Days 61–100: Industrialize and make the organizational decisions

With one agent in production, you've earned the right to scale — and you'll discover scaling is an organizational program, not a technical one:

  • Redesign the workflow around the agent, not the agent around the workflow. Our biggest gains came when we stopped automating the existing process and rebuilt the process assuming the agent existed.
  • Re-plan capacity. AI-assisted teams break traditional productivity math. The variance inside a single team is now bigger than the variance between teams.
  • Kill the theater. Every organization accumulates AI initiatives that exist for the announcement. Ending them publicly is one of the strongest signals a transformation leader can send — it tells the organization that production systems, not press releases, are the unit of progress.

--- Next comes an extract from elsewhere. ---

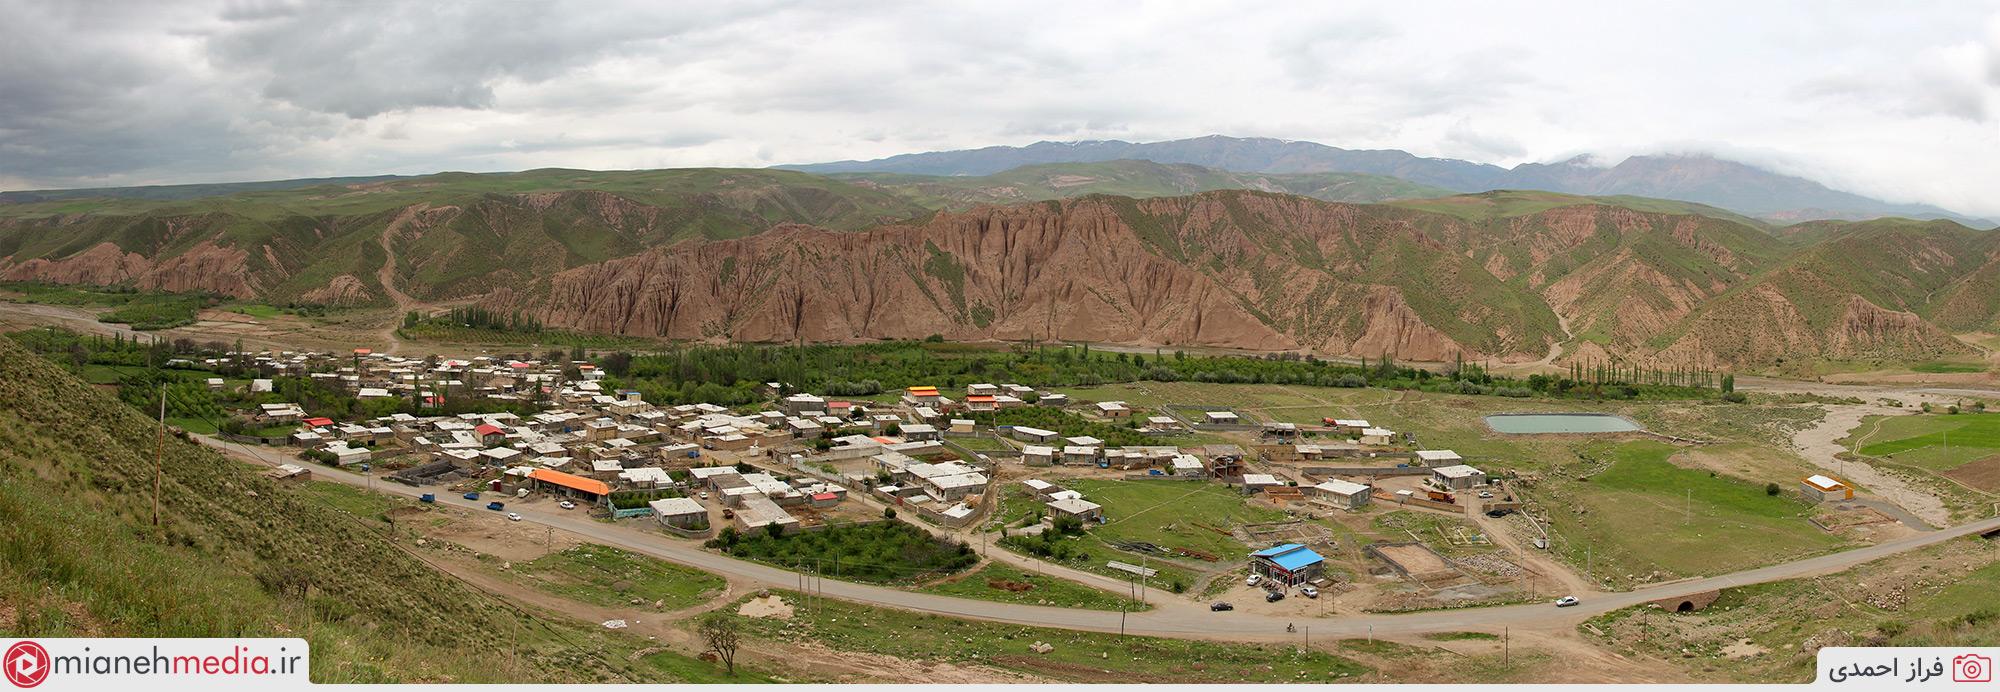 روستای چشمه کش (ساری قمیش)

The traps that eat quarters

  1. Model obsession. Tool and data access matter more than model choice. An average model wired into your systems beats a frontier model locked out of them.
  2. The pilot plateau. Ten pilots feel like progress; they're ten demos. One production system teaches you more than all of them combined.
  3. Treating it as an IT project. If the org chart, product design, and engineering discipline are unchanged after two quarters, you don't have a transformation — you have a procurement.

AI transformation isn't a technology rollout with a communications plan. It's an operating-model change with a technology catalyst. The leaders who internalize that in the first 100 days are the ones whose agents are still running in production a year later.